Minter Ellison has advised Gloucester Coal Ltd (Gloucester) on its proposed acquisition of 100 per cent interest in Donaldson Coal Holdings Limited (Donaldson) and Ellemby Holdings Pty Limited (Monash). Both are subject to shareholder approval. This is expected to create a leading Australian coal company, with expected market capitalisation of approximately $2 billion.
The proposed Donaldson acquisition is linked with the proposed Monash acquisition, subject to conditions including shareholder approval, sourcing of new debt facilities and FIRB approval.
Gloucester has entered into the agreement with Noble Resources Australia Pty Ltd (Noble), advised by Clayton Utz, Gloucester's largest shareholder, for 100 per cent interest in Donaldson.
Donaldson owns one open cut and two underground mines producing thermal coal and semi-soft coking coal. This includes the 11.6 per cent founding shareholding in NCIG Holdings Pty Limited, a new coal export terminal at the Port of Newcastle. Gloucester will acquire Donaldson for an enterprise value of $585 million, comprising $360 million in new Gloucester shares and $225 million in debt.

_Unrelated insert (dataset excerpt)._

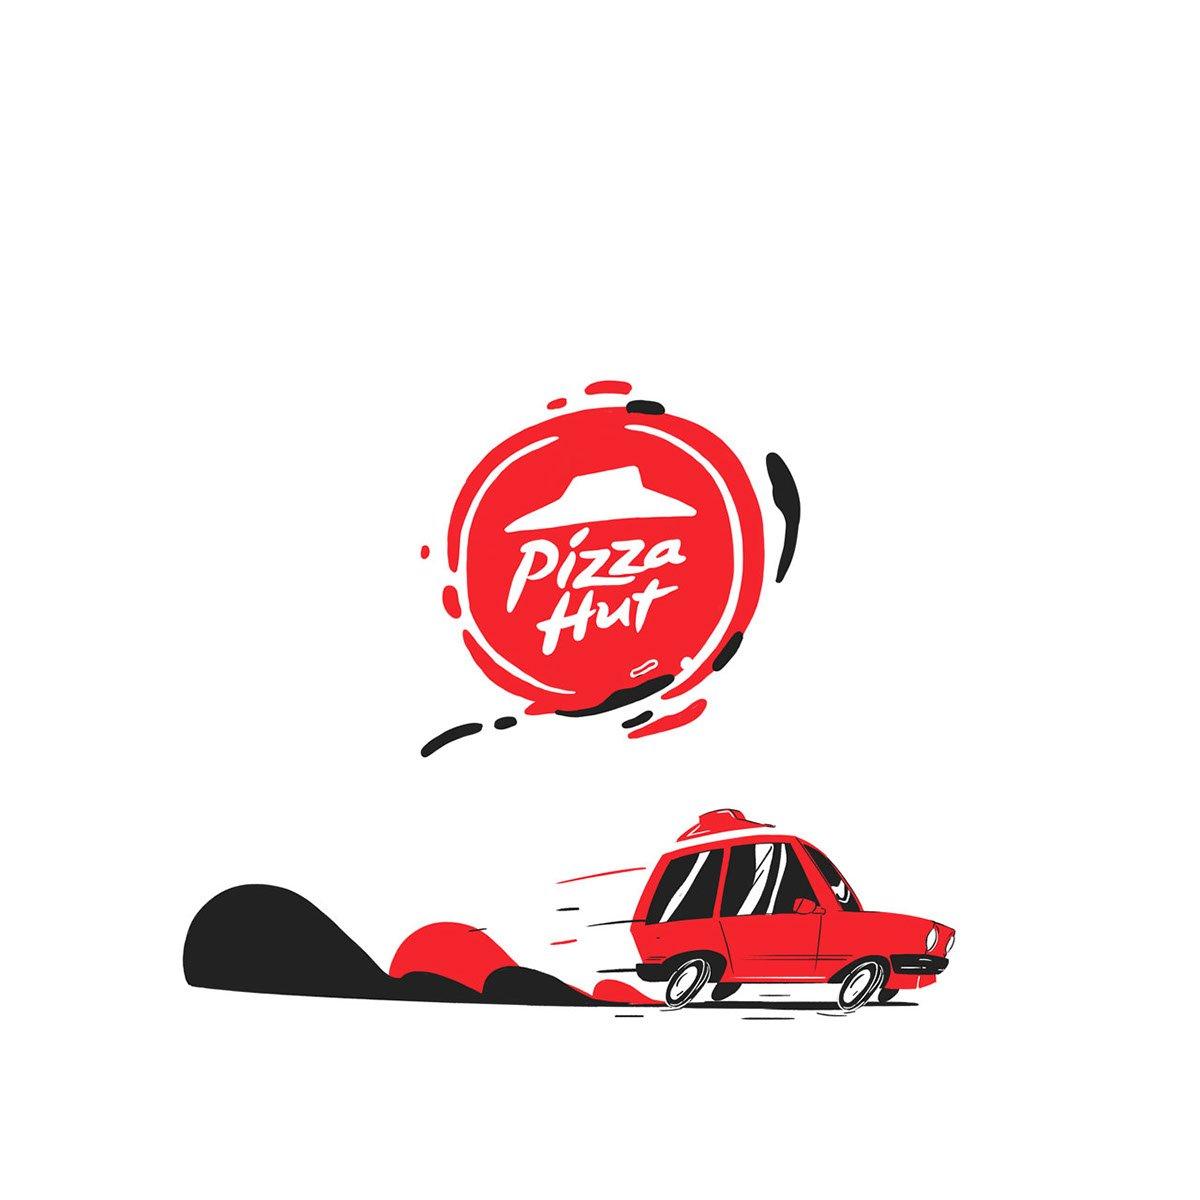 idesign pizzahut 01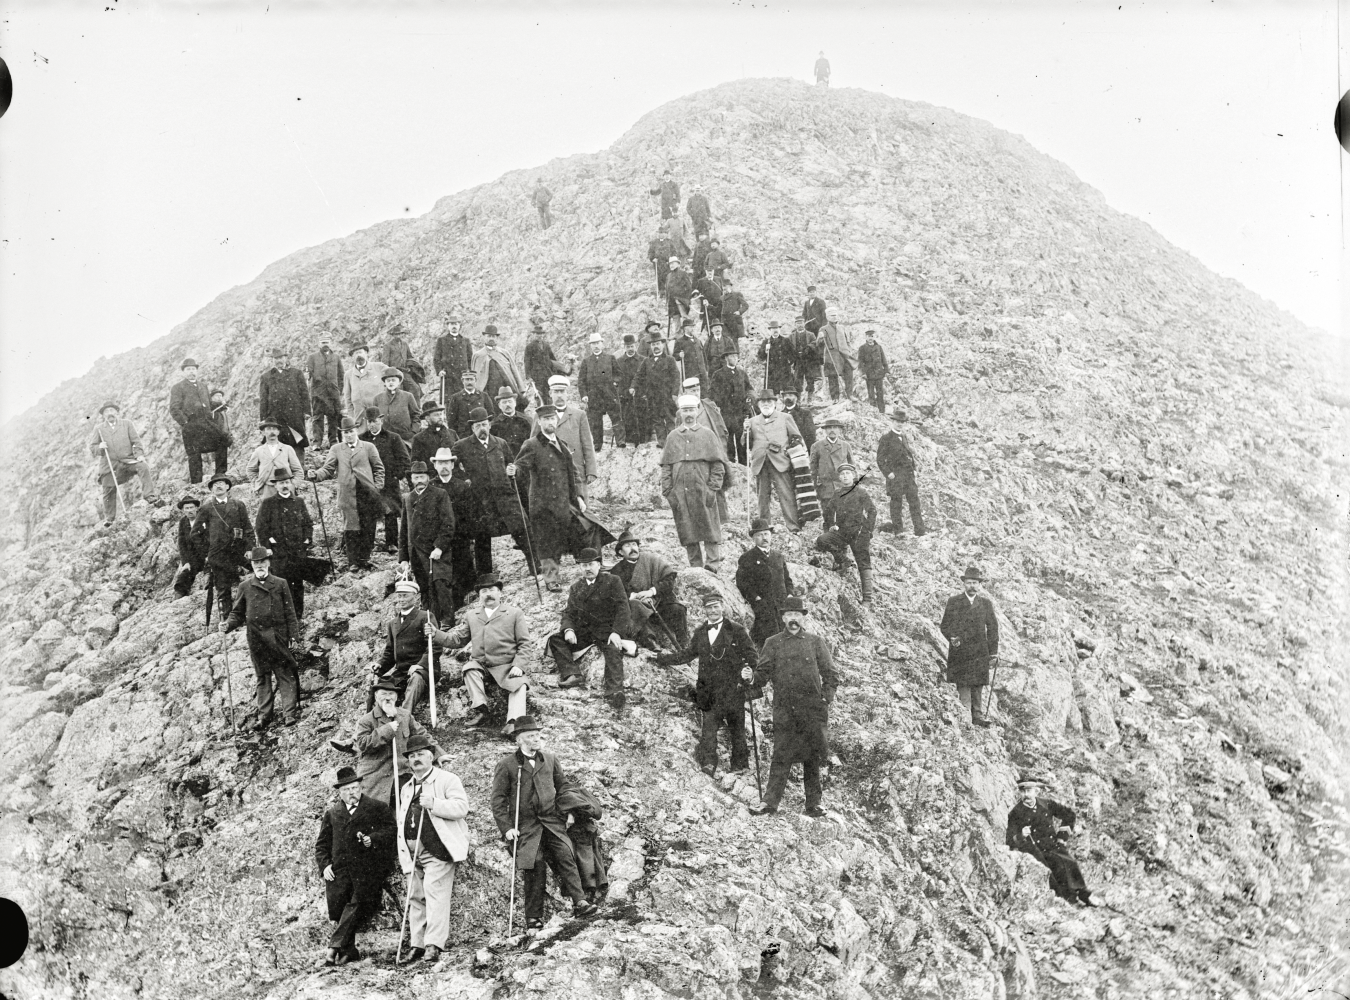 HjalmarLundbohm med studiegrupp på Kiirunavaara 1901

The Monash acquisition is under an agreement with shareholders of Ellemby Holdings Pty Limited (Ellemby). It is a deal for 100 per cent of the Monash entities with a base purchase price of $30 million payable in cash to Ellemby shareholders. The Monash acquisition is a prospective large semi-soft coking and thermal coal development opportunity, with Monash owning two exploration licenses.
To fund the cash consideration for these acquisitions, Gloucester is in the process of completing an equity raising of approximately $230 million, through a fully underwritten 2 for 11 non-renounceable accelerated pro-rata Entitlement offer.
The Entitlement Offer comprises $218 million underwritten institutional component and $12 million underwritten retail component. The institutional component was successfully completed on 17 May 2011. The offer price for the equity raising is $9.00 per share.
The Minter Ellison team included partners John Steven, Bart Oude-Vrielink, James Hutton, Simon Scott, Simon Ball, Sam MacGibbon, Adrian Varrasso and John Riley.
"This was an extremely complex transaction requiring intensive contributions over an extended time frame from multiple Minter Ellison interstate and overseas offices. Various work streams, extending across different divisions, included corporate, capital markets, finance, resources, infrastructure and tax specialists within the firm," said Oude-Vrielink.
Freehills acted for the underwriters in the capital raising.